Spider-Man: Homecoming: ‘bouncy, likable and completely devoid of threat’. Photograph: Allstar/Marvel Studios/Columbia Pictures
Even diehard comic-book movie fans must have noticed by now the glitch in the Avengers universe. Whatever algorithm is used to calculate the perfect ratio of self-satisfied banter to bludgeoning FX has resulted in ever-decreasing variations on a theme. If not quite the same movie, they recycle the same plot points and devices, the same blustering displays of CGI muscle. Deep within the Marvel laboratories, it seems genetic experiments have been taking place as the DNA of the comic-book action flick is spliced with that of other films. Spider-Man: Homecoming is the labradoodle of this cross-genre breeding programme. Part superhero movie, part high-school coming-of-age story, it’s bouncy, likable and completely devoid of threat.
This latest reboot of the webslinger narrative casts Tom Holland as an irrepressible 15-year-old Peter Parker. As eager to please as a puppy, his taste of Avengers action (a cameo at the end of Captain America: Civil War) has left him hungry to right wrongs. So far, more Spider-Boy than man, his ventures have been low-key and the rewards minor (a churro from a nice Dominican lady he helped across the road). But then he stumbles across a crime scene beefed up with some serious alien-sourced weapons tech. And he finds himself on the radar of scissor-winged scavenger the Vulture (Michael Keaton). Meanwhile, in the real world, he struggles with teen angst, high-school social standing and a bruising crush on Liz (Laura Harrier), the unobtainable debate-club beauty.

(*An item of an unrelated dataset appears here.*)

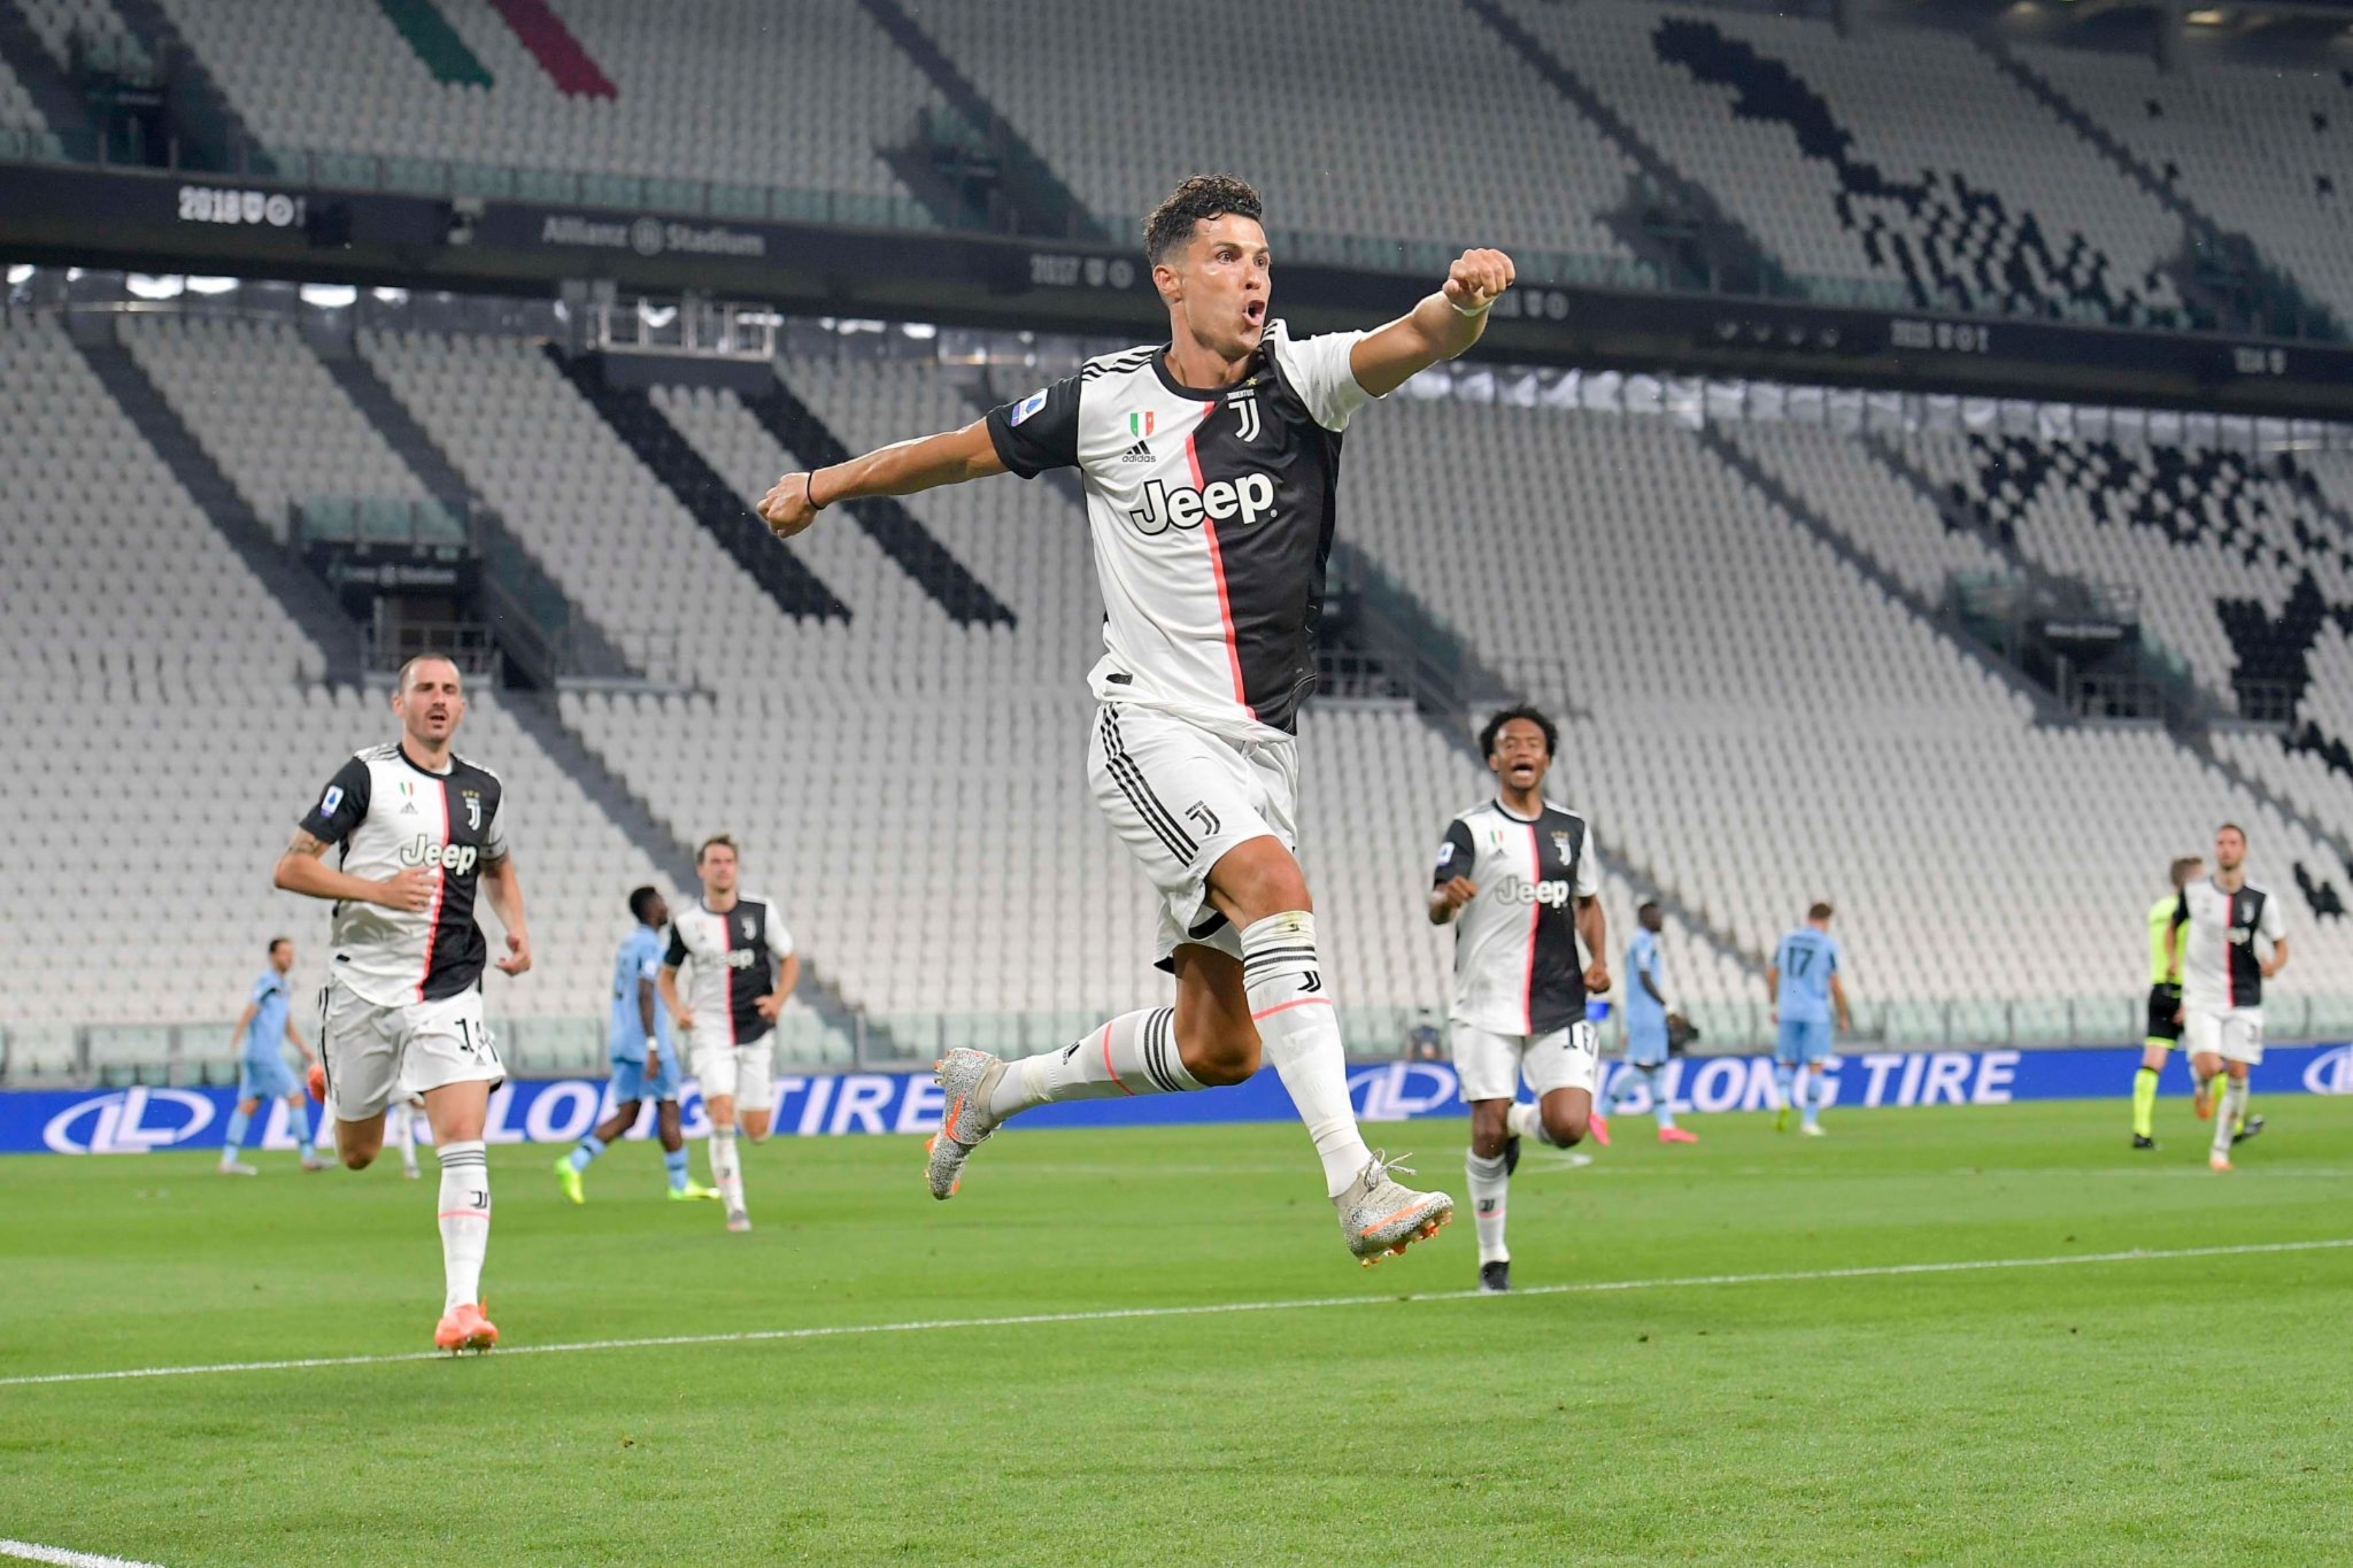 یوونتوس - سری آ - Serie A - Juventus - گلزنی مقابل لاتزیو

A deft reveal on the night of the school dance links Peter’s two parallel lives together; but the action climax that follows – a battle fought on the outside of a camouflaged Stark Industries transport plane – is an onslaught of effects so confusing that you forget to worry about the outcome.
In fact, the only moment of real tension in the preview I attended came when my son got his arm wedged in the cup-holder of his chair. Anyone who has ever had to try and prise the arm fat of a panicking child out of a circulation-stopping plastic ring is unlikely to be particularly fazed by the sight of Michael Keatonwearing a beak.